What is required: Give back exactly the lines from the "Energizer LED-Badezimmerleuchte, 250" line to the final line of the records, and only those, minus any pictures.

Segment Start: Provided entries

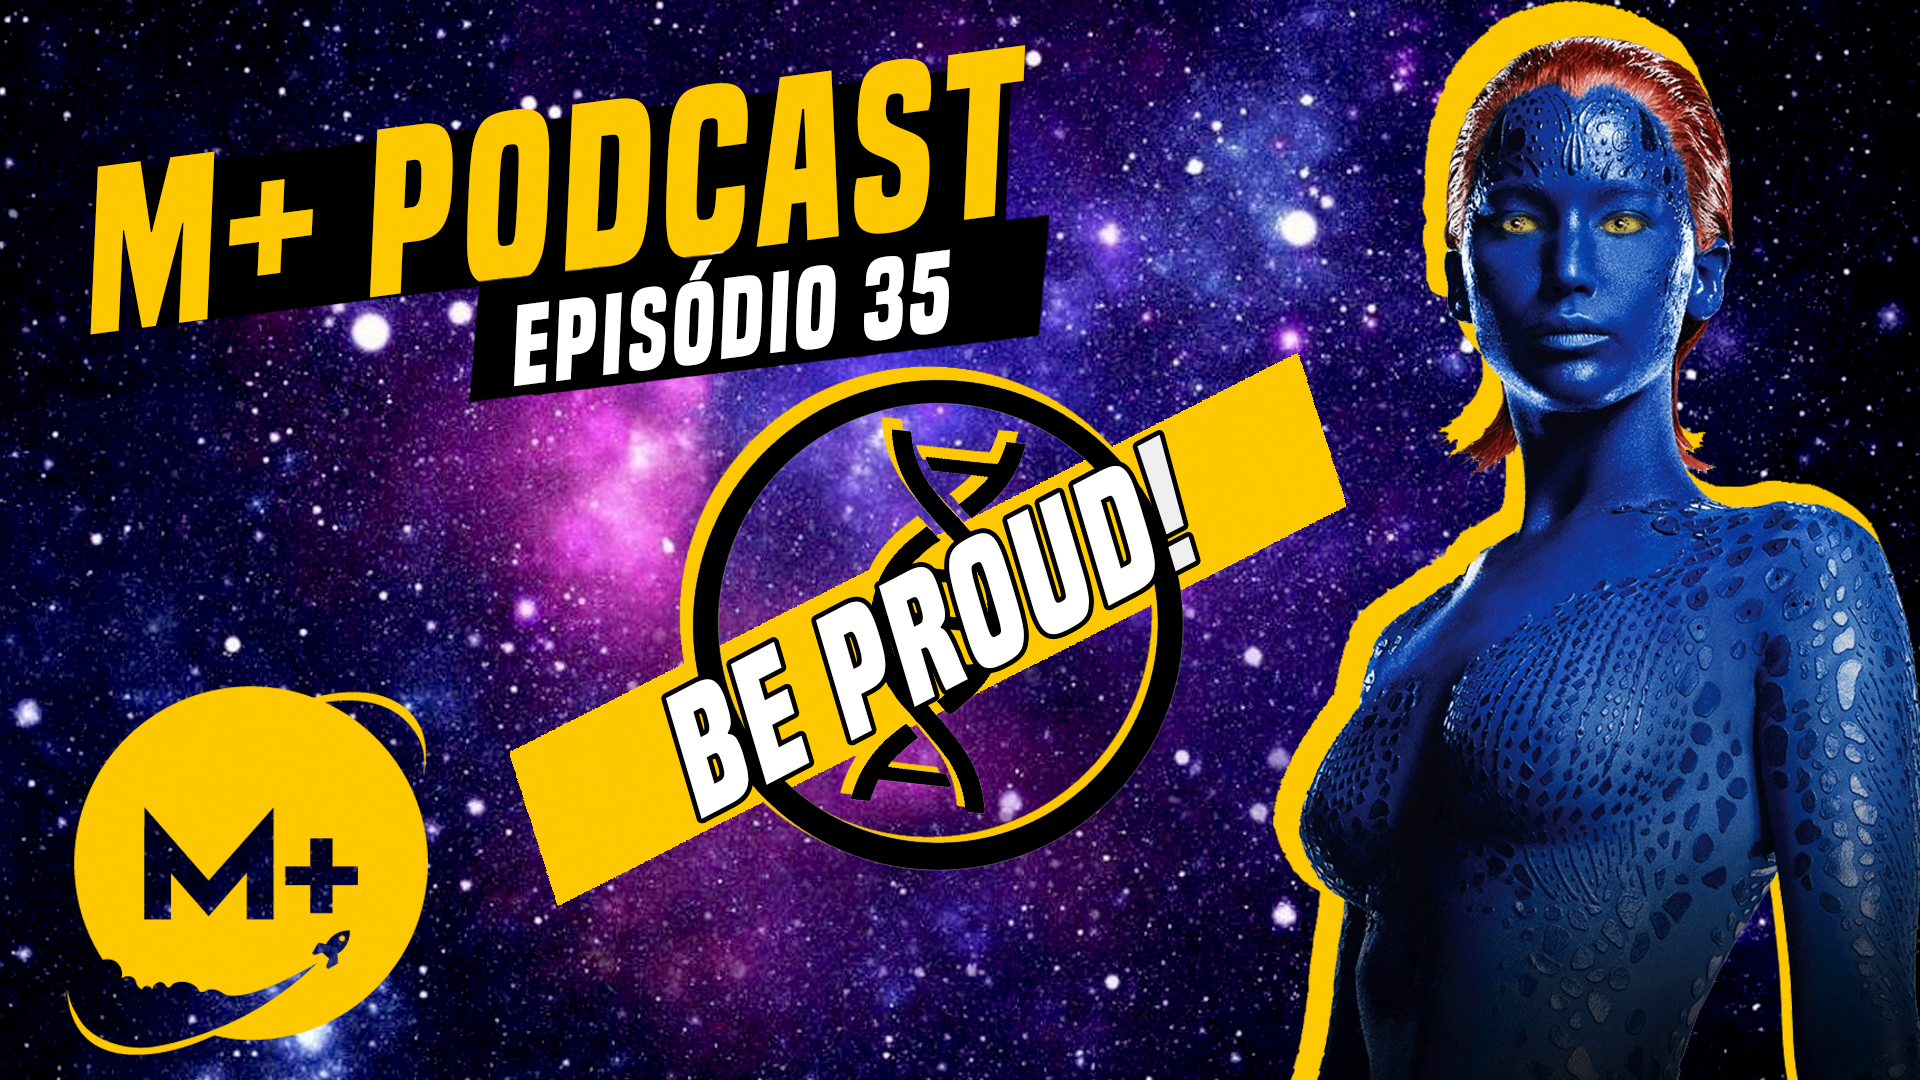 M+ Podcast 35 – Deadpool e seus X-men
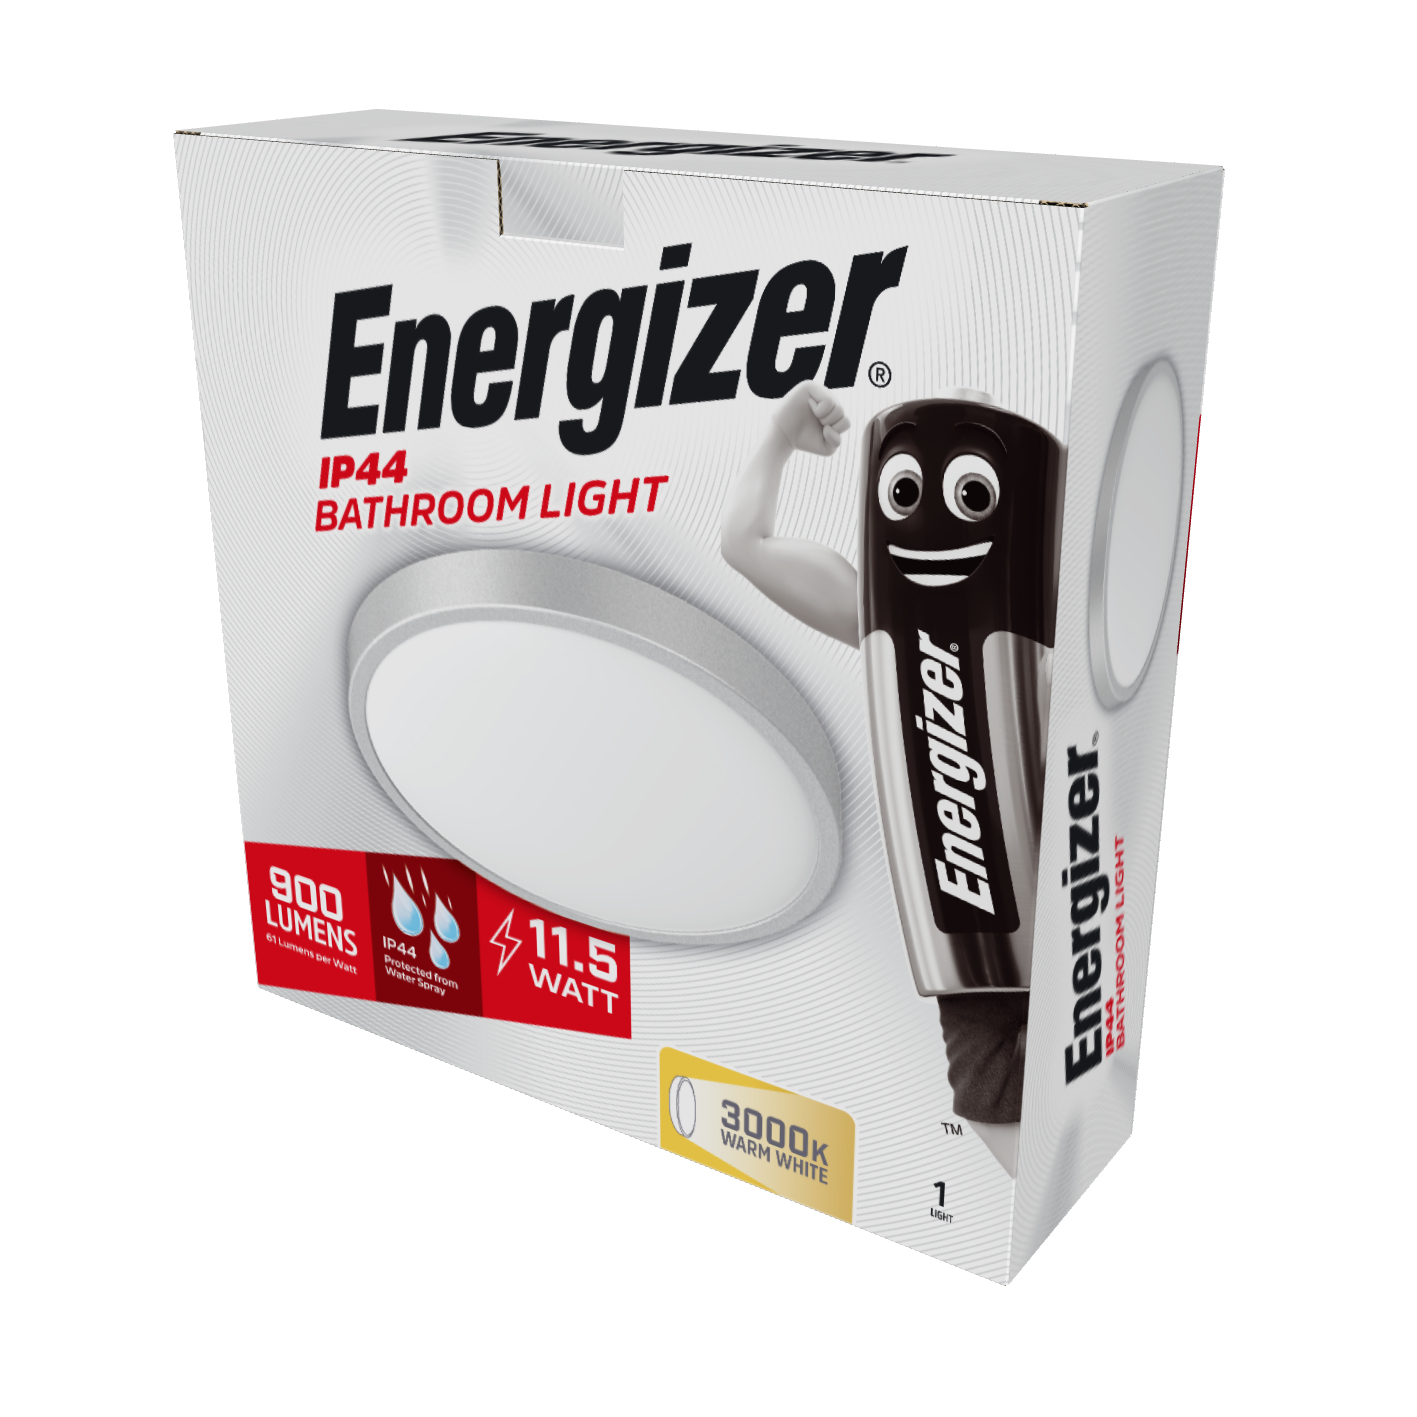 Energizer LED-Badezimmerleuchte, 250 mm, 11,5 W, 900 Lumen, 3.000 K (Warmweiß)
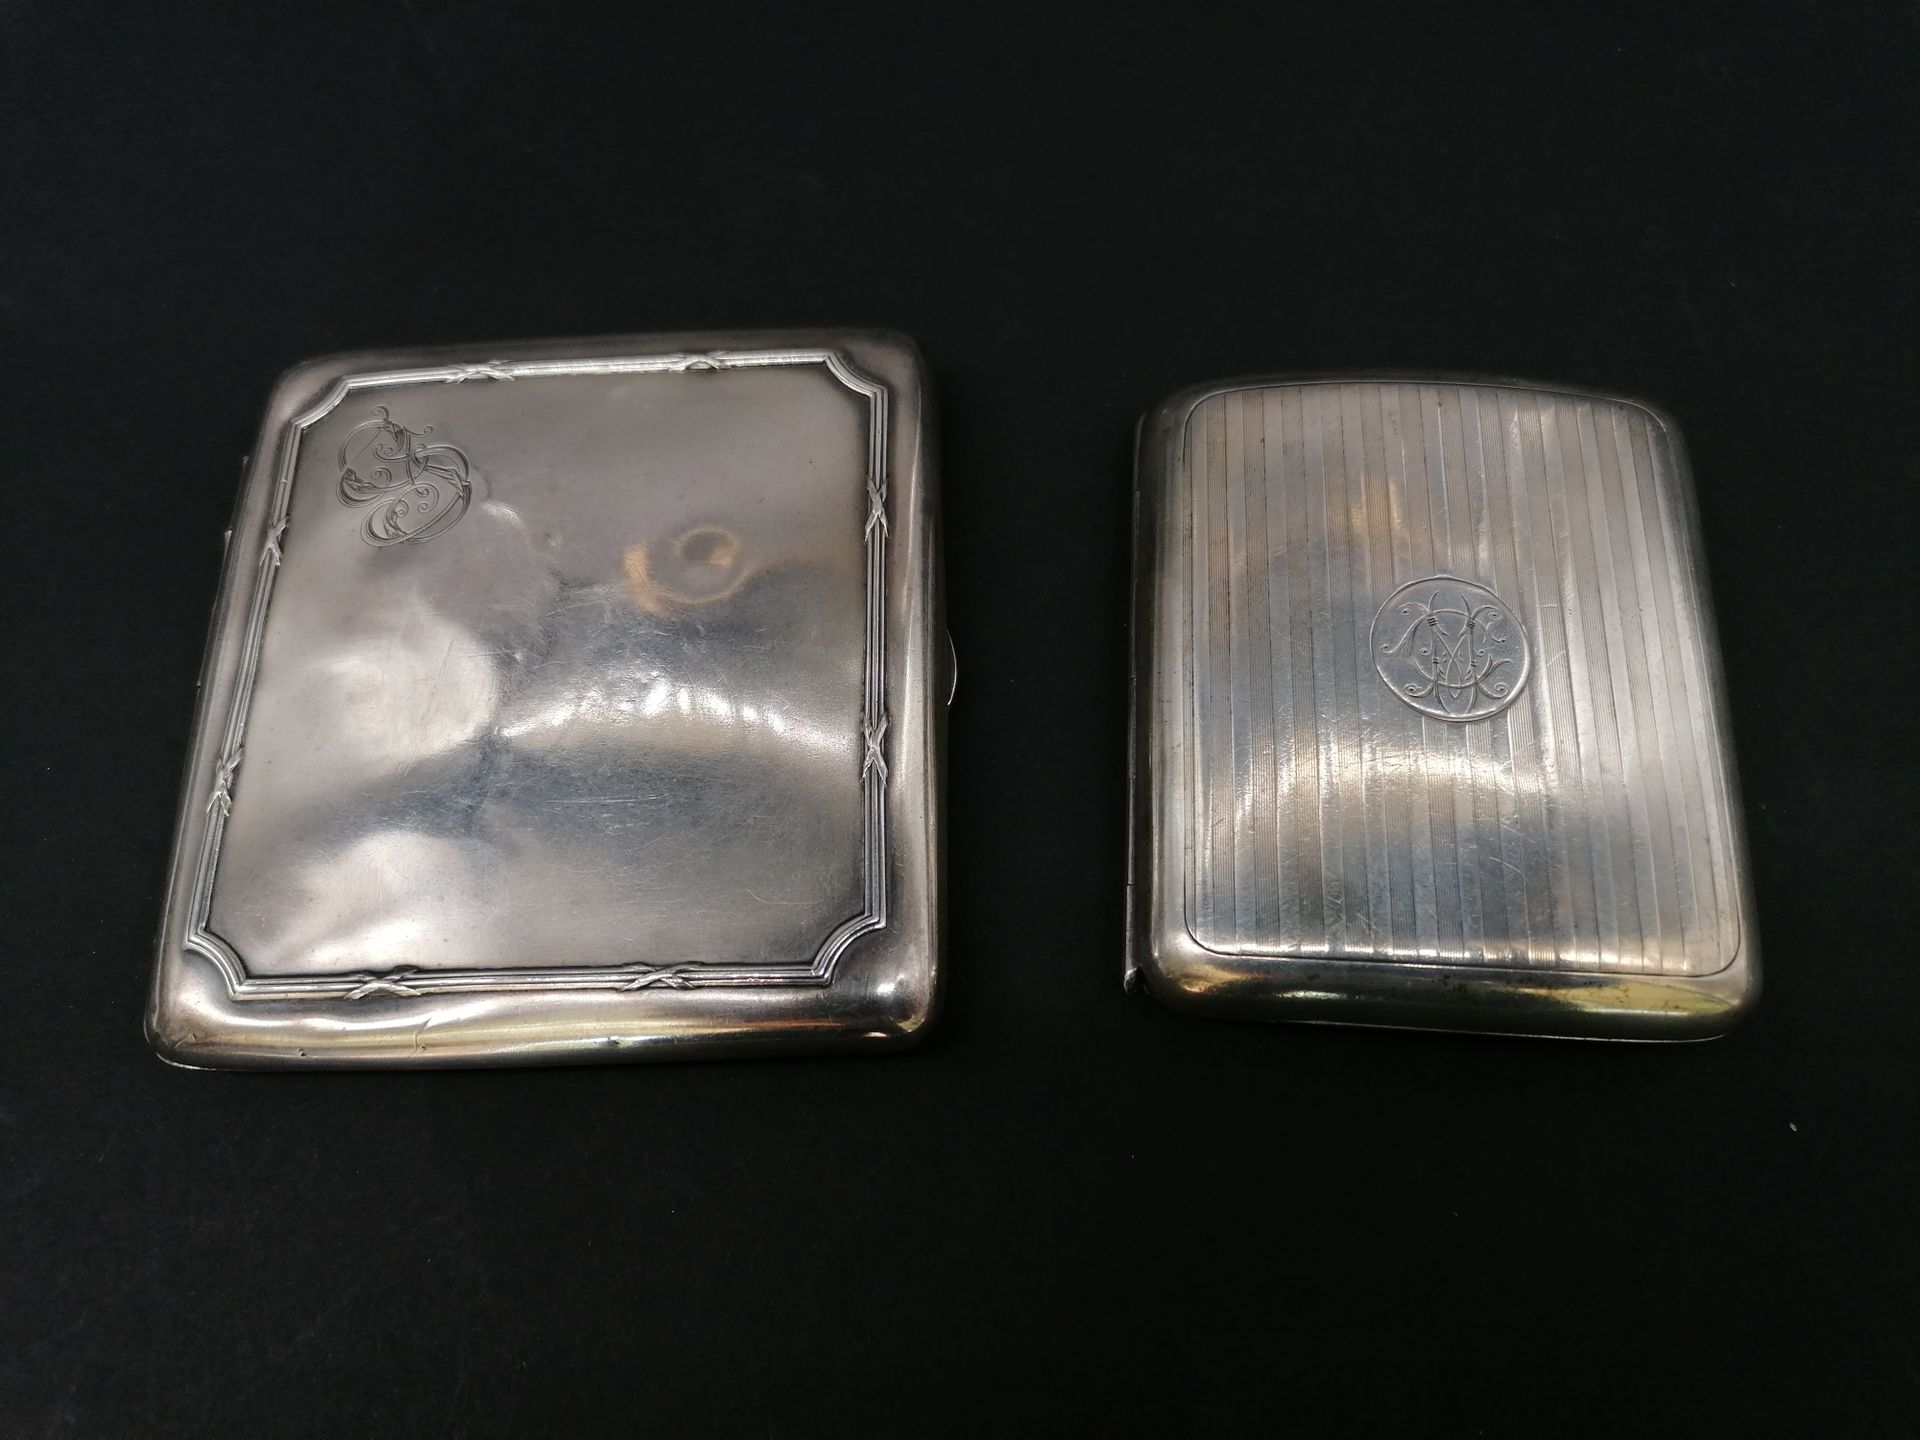 Null 两套雪茄烟具拍品

银色一字型。

一枚英国印有Sampson Mordan & Co，伦敦。

PN 196 g

Segment End: Provided entries

Task solution:
 Energizer LED-Badezimmerleuchte, 250 mm, 11,5 W, 900 Lumen, 3.000 K (Warmweiß)
 Null 两套雪茄烟具拍品

银色一字型。

一枚英国印有Sampson Mordan & Co，伦敦。

PN 196 g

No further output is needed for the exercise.